From that point, Larson’s living room drama becomes a compelling tableau of social messages and contemplation of religious identity that resonates with the depth of exploration suggested in the works of Henrik Ibsen, August Strindberg and Gerhart Hauptmann, among others. Clearly, Larson is going for something more than art merely for art’s sake. An earlier Larson work, ‘Little Happy Secrets,’ won the Association for Mormon Letters Drama Award in 2009. That play, a coming-of-age story, was about a young woman who returns from an LDS mission and is struggling to reconcile the commitment to her faith while wrestling with the same-sex attraction she has for her best friend and roommate.

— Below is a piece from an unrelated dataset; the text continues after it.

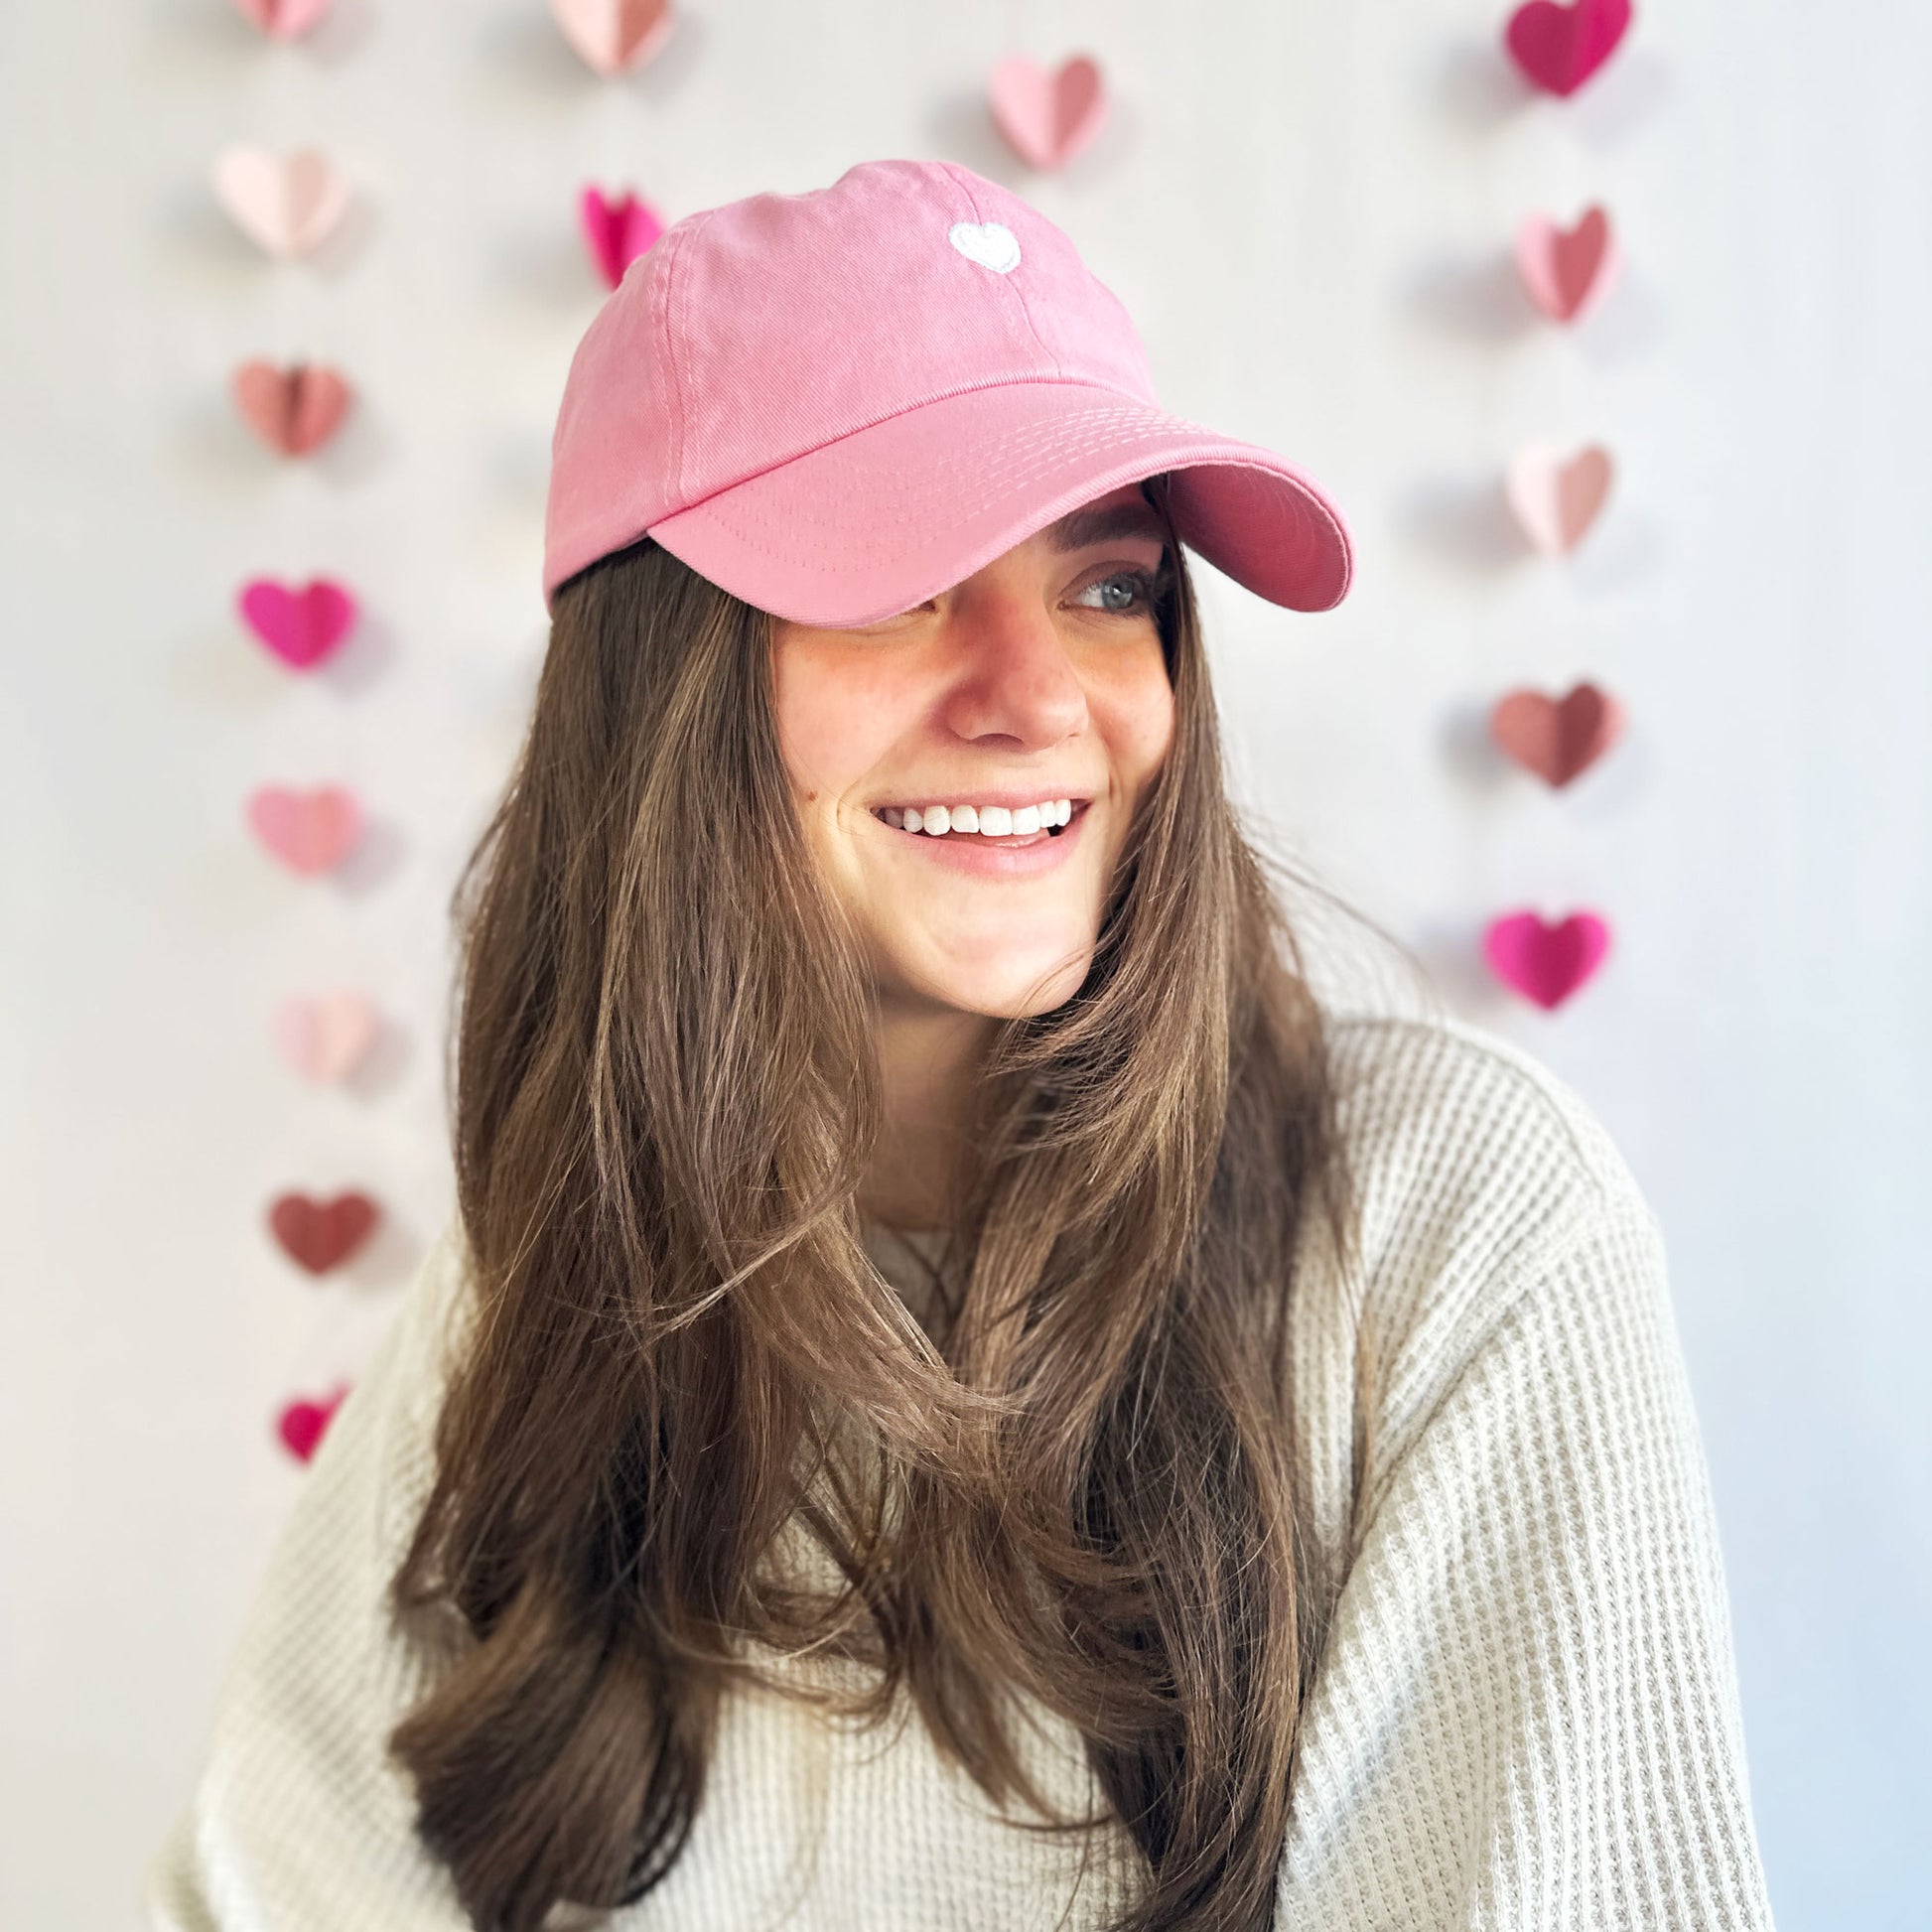 young woman wearing a pink baseball cap with mini white embroidered heart

In a season of original Plan-B works that have covered impressively the range of family values and the social discourse associated with that range, ‘Pilot Program’ will rightfully close out the company’s regular season by shaking our community’s social pillars in order to let people proceed freely into an enlightened future.
Directed by Jerry Rapier, the production’s cast of three includes Mark and April Fossen, who are married in real life, as the couple and Susanna Florence Risser as Heather.

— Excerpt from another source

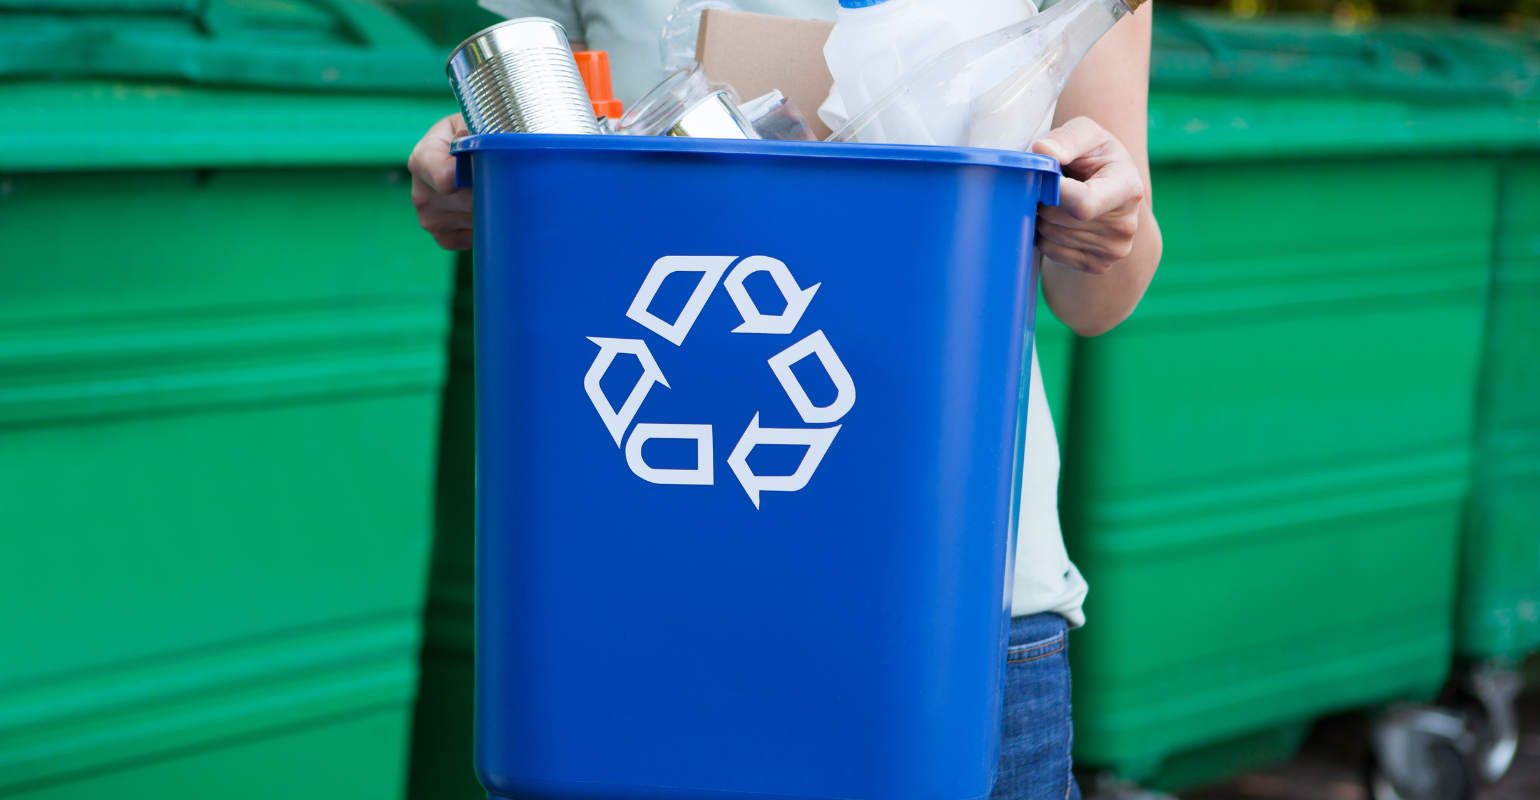 What Is The Purpose Of Recycling, Why Is It So Important?

This is the second Plan-B play in recent years that has dealt with polygamy but in a completely different treatment. Jennifer Nii’s play ‘Suffrage’ was focused in the late 19th century when Mormon women enjoyed briefly the right to vote and the tensions of their allegiances both to the rights and privileges granted them by law and their adherence to the religious practices of their faith.
Larson, who has had much of her work produced on the university stage including at Brigham Young University, is making her Plan-B debut. Her adaptation of ‘Pride and Prejudice’ played to a sold-out run at BYU. A member of the Dramatists Guild and a graduate of the Iowa Playwrights Workshop, she has written numerous plays including ‘Martyr’s Crossing,’ which took best new play honors and debuted at the Edinburgh Festival Fringe.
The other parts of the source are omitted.